Huiyi Cai, General Director, Feed Research Institute, Chinese Academy of Agricultural Sciences, told delegates the government and the agricultural industry of China are keen to see continued growth in the animal feed sector, which has grown at around five million tonnes a year for ten years. With 20% of the world population and 7% of its arable land, securing feed raw materials is China’s greatest challenge.

 

Thorleif Enger, Chairman of the Yara Foundation and former CEO of Yara International ASA, explained the objective of the Yara Foundation is to improve agriculture in Africa. Africa has a tremendous potential in land and productivity but can only fulfil that potential if African farmers are helped to farm more efficiently.

 

Jerry Vergeer, Executive Vice-President Agriculture and member of the Executive Board of Nutreco, closed the conference. Reminding delegates of the question “Can we feed and fuel the world in a sustainable way?”, he said success requires a combination of technology and talent.

 

 

 

Innovision 2009: potential for animal nutrition

On the day before Agri Vision, the Nutreco R&D and Quality Affairs team organised a meeting of top agriculture and food scientists from four continents — Europe, Africa, North America and Asia. Their discussions explored and shared current progress in a wide range of scientific disciplines that relate to animal nutrition.

 

Animal nutrition can gain important knowledge from new science disciplines being rapidly developed by the pharmaceutical and food industries.

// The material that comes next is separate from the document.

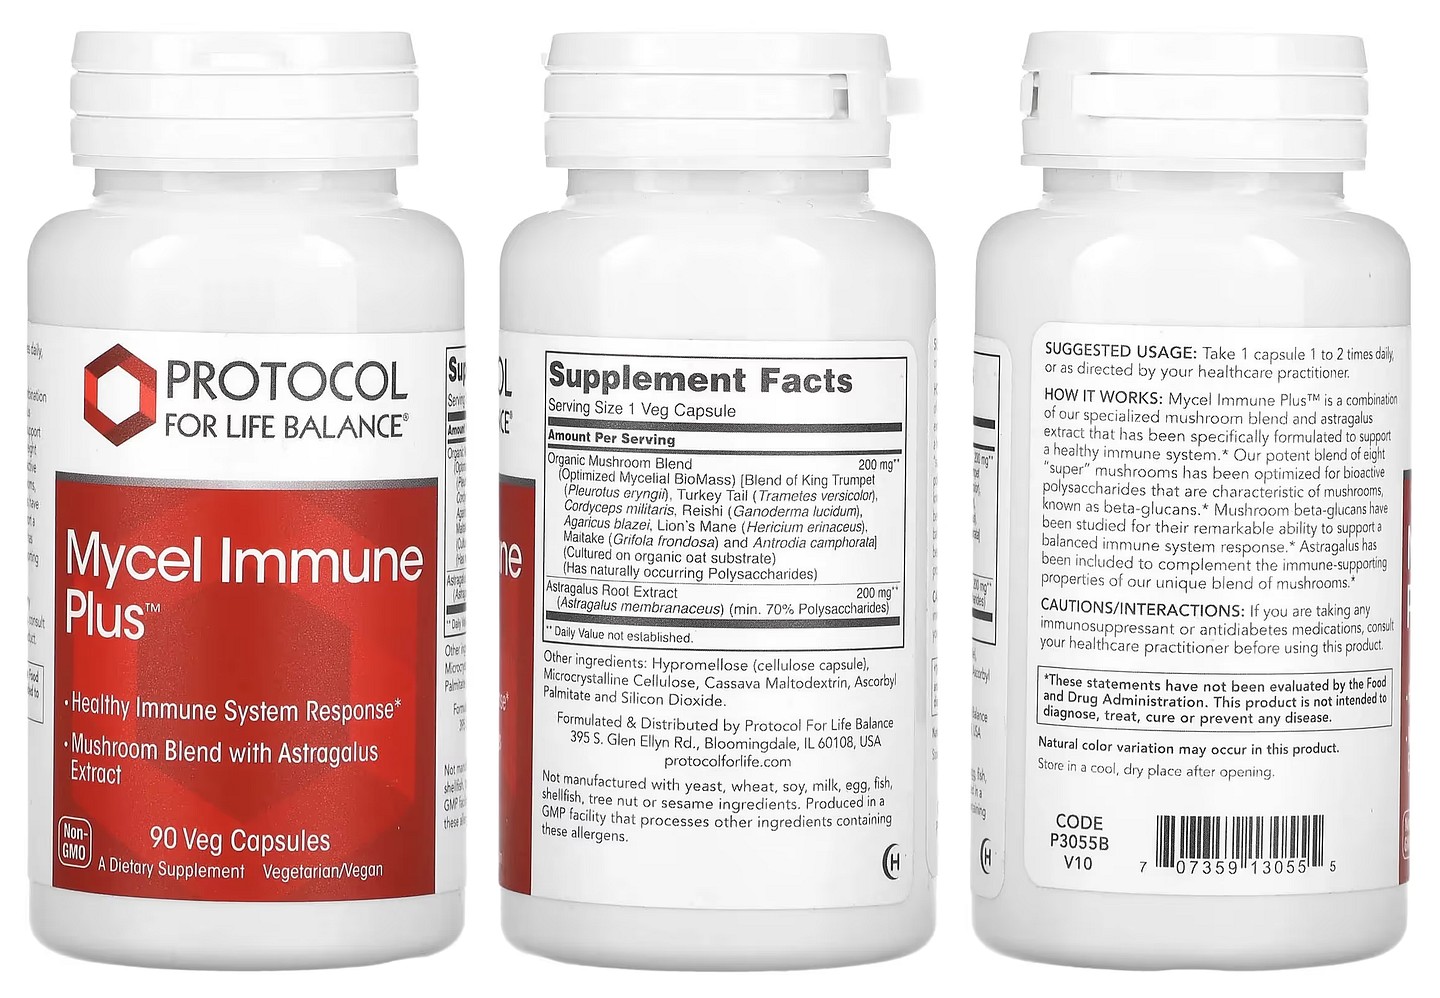 Protocol for Life Balance, Mycel Immune Plus packaging

These disciplines seek to identify the relationships of nutrition, the microbial population of the intestine and genetics. For example, current developments in fermentation technology are creating new opportunities with functional feed ingredients that support animal health and final product quality. Further topics ran from the assessment of new raw materials, coming as by-products from advances in food and fuel technologies, to nutrigenomics, which is the impact of nutritional ingredients on the expression of individual genes.